Embeddings

Embeddings are numerical representations of data that capture semantic meaning and context. Data with similar meanings or relationships are represented by embeddings that are “closer” to each other in a shared vector space. Embeddings can be generated for various modalities, including text, images, audio, and more, allowing for a wide range of applications in machine learning and artificial intelligence. For example, embeddings enable comparisons, clustering, and semantic understanding of complex data types.

Text Embeddings

Text embeddings specifically represent textual data in a vector space. These embeddings help capture the semantic meaning and context of the text, enabling comparisons between different texts. For instance, the sentences “I took my dog to the vet” and “I took my cat to the vet” would have similar embeddings because they describe a comparable context.

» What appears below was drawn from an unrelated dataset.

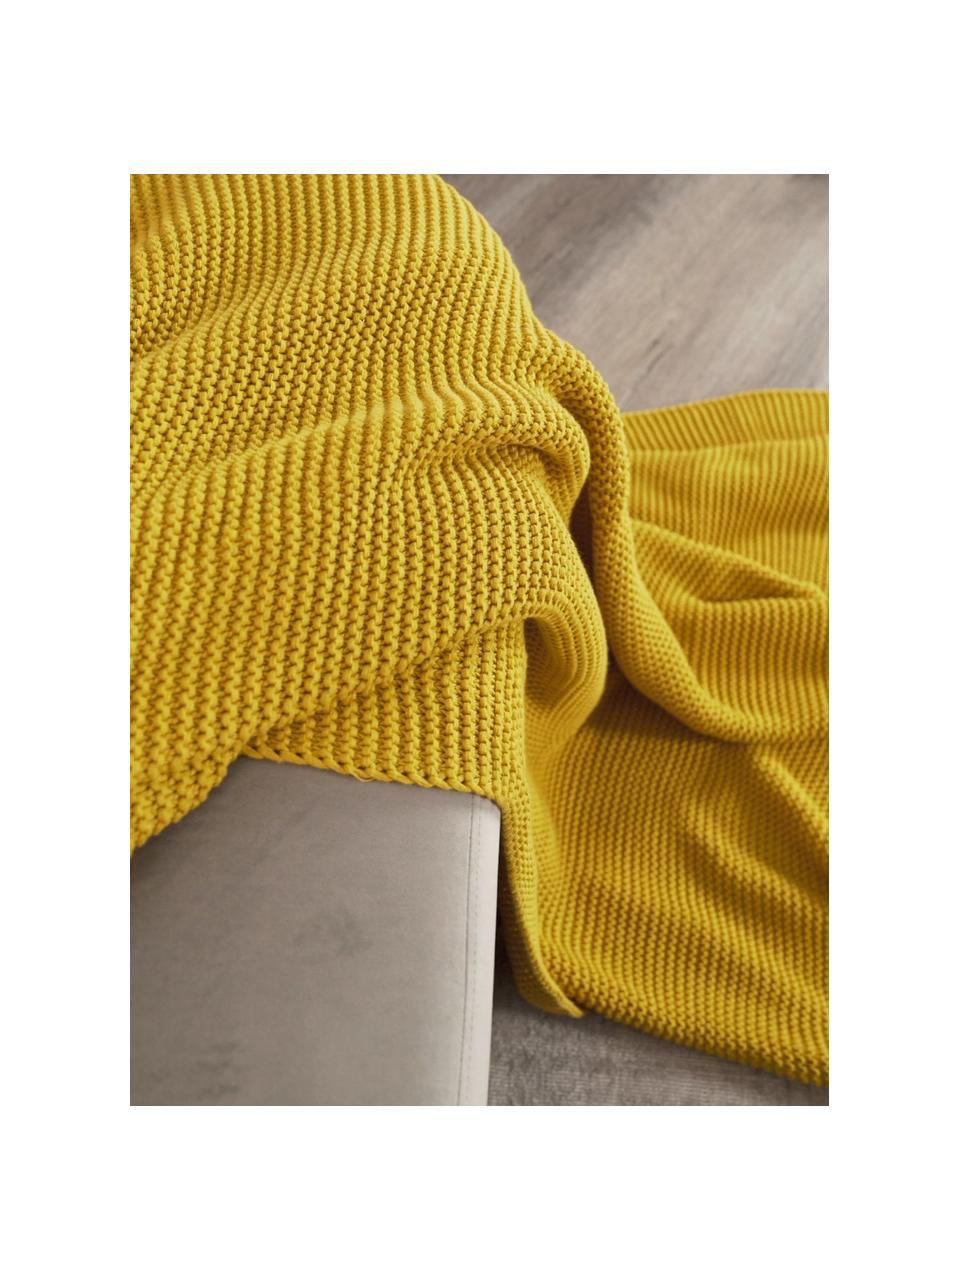 Strickdecke Adalyn aus Bio-Baumwolle in Senfgelb, 100% Bio-Baumwolle, GOTS-zertifiziert, Senfgelb, 150 x 200 cm

To generate text embeddings, use the embed method. This method accepts a string or a list of strings as input and returns an EmbeddingResponse object. Here’s an example:

from switchai import SwitchAI

client = SwitchAI(provider="google", model_name="text-embedding-ada-002")
response = client.embed(
    input=[
        "I took my dog to the vet",
        "I took my cat to the vet"
    ]
)

print(response)

The response includes the embedding vectors along with additional metadata:

{
    "id": null,
    "object": "list",
    "model": "text-embedding-ada-002",
    "usage": {
        "input_tokens": 10,
        "total_tokens": 10
    },
    "embeddings": [
        {
            "index": 0,
            "data": [0.1, 0.2, 0.3, 0.4, 0.5]
        },
        {
            "index": 1,
            "data": [0.6, 0.7, 0.8, 0.9, 1.0]
        }
    ]
}

The dimensionality of the embedding vectors depends on the model used. For example:

  • OpenAI’s text-embedding-ada-002 model generates 1,536-dimensional embeddings.

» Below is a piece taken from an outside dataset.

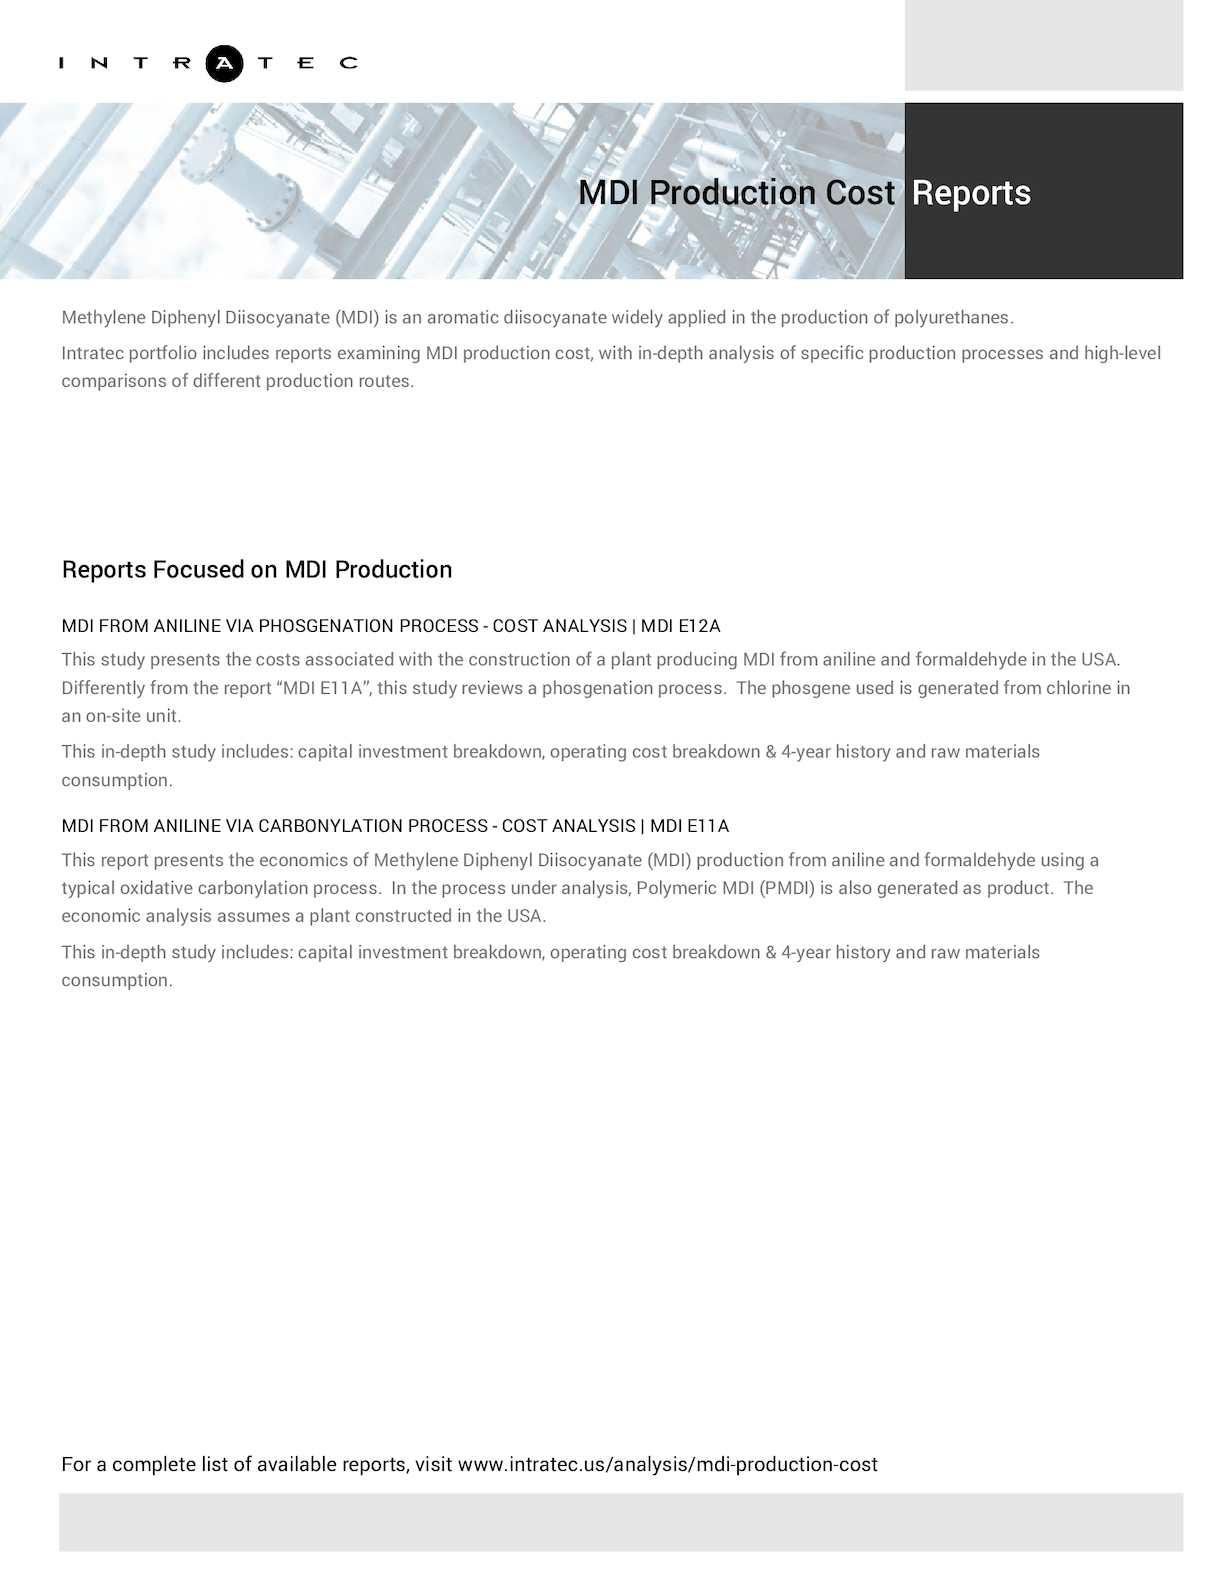 Calaméo - Techno-Economic Assessment about MDI

  • Google’s models/text-embedding-004 model generates 768-dimensional embeddings.

Higher dimensionality enables more nuanced text representations, allowing for deeper semantic comparisons.

Multimodal Embeddings

Multimodal embedding models transform unstructured data from multiple modalities into a shared vector space. These models support text and content-rich images, such as figures, photos, slide decks, and document screenshots. This eliminates the need for complex text extraction or ETL pipelines.

from switchai import SwitchAI
from PIL import Image

client = SwitchAI(provider="VoyageAI", model_name="voyage-multimodal-3")
response = client.embed(
    input=[
        "I took my dog to the vet",
        Image.open("dog.jpg")
    ]
)

print(response)

This returns the embeddings for the text and the image in a shared vector space via the EmbeddingResponse object. The embeddings can be used to compare the text and the image, or to analyze their relationships.